Şaka sensin! Sorumlusun ve hesap vereceksin!
Sağlık Bakanı Fahrettin Koca ülkedeki koronavirüs vakalarının 5 kata kadar varan muazzam artışını “şaka” olarak niteliyor. Hiç komik değil. Üstelik asıl şaka olan dünyadaki ülkeler müthiş bir hızla Omikron’a teslim olurken, virüs bas bas bağırıp ülkeye gelirken tek bir önlem almayan Sağlık Bakanı’nın kendisi. Türkiye pandemi boyunca vatandaşına en az destek olan ülkelerden biri. Keza Omikron ülkeye girmesin ve yayılmasın diye tek bir önlem alınmadı. Ne aşılama artırılmaya çalışıldı, ne kalabalıklar azaltıldı, ne hasta ve temaslı tespiti yapılmaya çalışıldı ne de karantina izolasyon tedbirleri sosyal destek verilerek uygulamaya kondu.
Sağlık Bakanı’nın kabahati sadece kötü bir yönetici olması değil. İyi ve becerikli bir yönetici olsaydı da sonuç farklı olmazdı. Kendisi kapitalizme ve piyasaya bağlılıkta kusur etmeyen bir parti olan AKP’nin bakanıdır. Ayıca bir özel hastane patronu olarak kapitalizme göbekten bağlı ve sağlık politikalarının özelleştirilip ticarileştirilmesinden doğrudan fayda sağlıyor. Bugün pandeminin dünya çapında ve Türkiye’de bir türlü kontrol altına alınamamasının sebebi da kapitalist düzenin ta kendisi.
Yeni bir yıla adım attığımız bugün aynı zamanda Covid-19 pandemisinin başlamasının 2. yıl dönümü. Uzaya en gelişmiş teleskopları gönderen, atom altı parçacıklar üzerine kuantum çalışmalarında sürekli gelişme kaydeden dünya, pandemiyi alt etmeyi başaramadı. Ne tezat!
2 yılda virüs kendini sürekli değiştirip önlemlerden kaçma kapasitesinde sürekli yol aldı, almaya da devam ediyor. İnsanlık ise pandemi ile mücadelede bir arpa boyu yol alamadı. Hasta olanları test yapıp tespit edip, hasta olma şüphesi olanları toplumdan yalıtmayı bir türlü beceremedi. Umutlar bulunacak bir aşıya bağlandı. Dünya tarihinin gördüğü en kısa zamanda aşıyı buldu da. Ama bu sefer aşı dünyaya eşit dağıtılmayınca hastalığın tekrar tekrar yayılmasının önüne geçilemedi.

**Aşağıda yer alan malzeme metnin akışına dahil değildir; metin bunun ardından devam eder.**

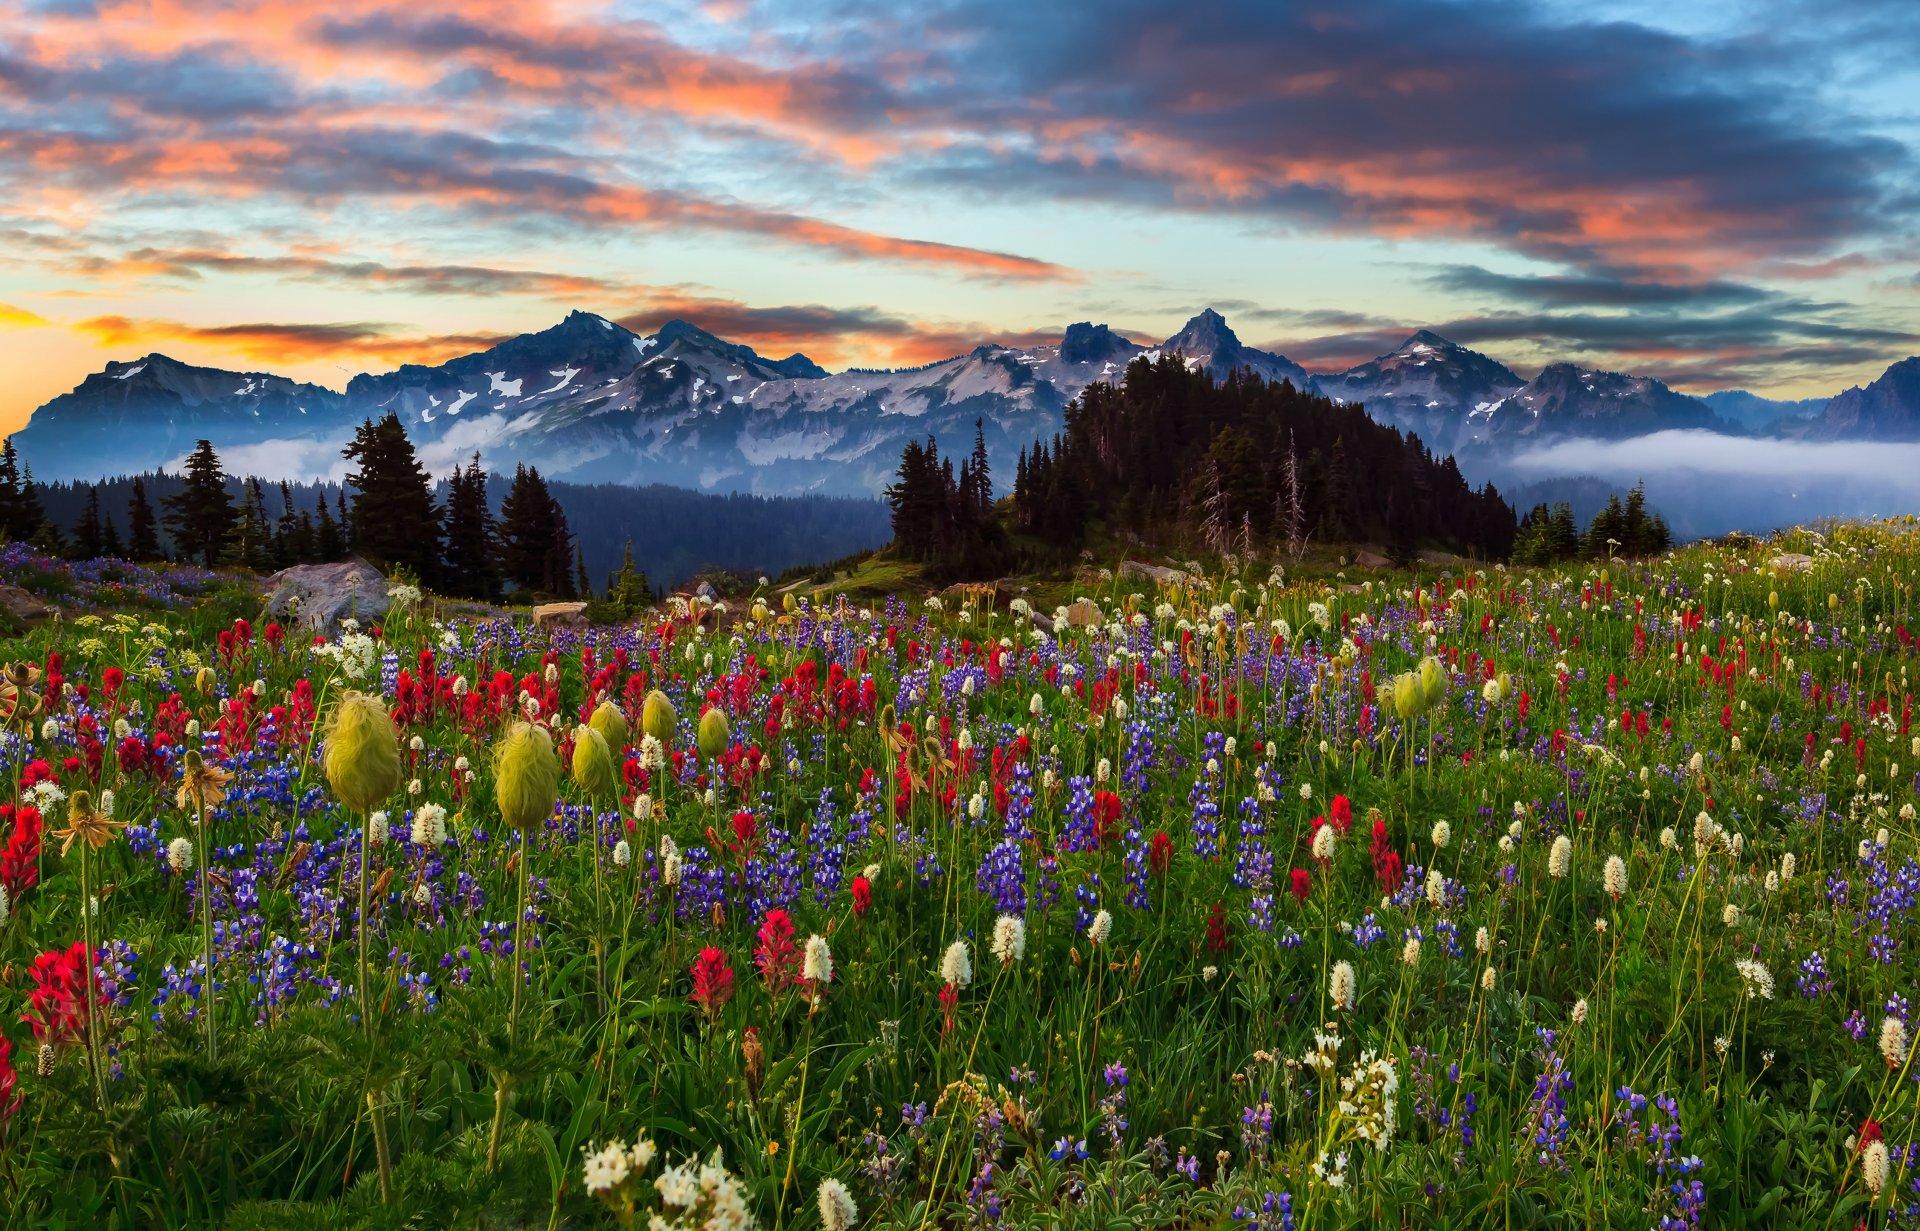 пейзаж картинки с цветами меня даче

En son virüs Omikron kılığına büründü. Bulunduğu ilk andan itibaren önceki formlarına göre çok daha hızlı bulaştığı bilim insanlarınca tespit edilmişti oysa. Dünya buna rağmen şimdi de Omikron’a teslim durumda. Dünyada vaka sayıları her gün yeni rekorlar kırıyor. Alınması gereken önlemler pandeminin en başında neyse şimdi de o. Aşılar üzerindeki patentleri kaldırıp her ülkenin aşı üretmesinin önünü açmak, hasta olanı tespit için topluma yaygın test yapmak ve hastalık bulaşma riski olanları karantinaya almak. Ama bu önlemler bir türlü alınamıyor.
Ücretsiz tüm ülkelere sağlanması gereken aşılar ilaç şirketleri kar etsin diye formülü açıklanmıyor, patronların karı devam etsin diye iş yerlerinde, okullarda, servislerde çalışan sayısının arttırılarak günlük çalışma saati azaltılması ve sosyal ve maddi destek sağlanarak izolasyon ve karantina uygulamaları yapılmıyor. Çünkü üretim hattından çekilen her bir işçi, üretim alanına alınacak her bir işçi maliyet demek. Önlemlerin alınmamasının sebebi açık. Sağlığın dünya çapında kapitalist piyasa terk edilmiş olması.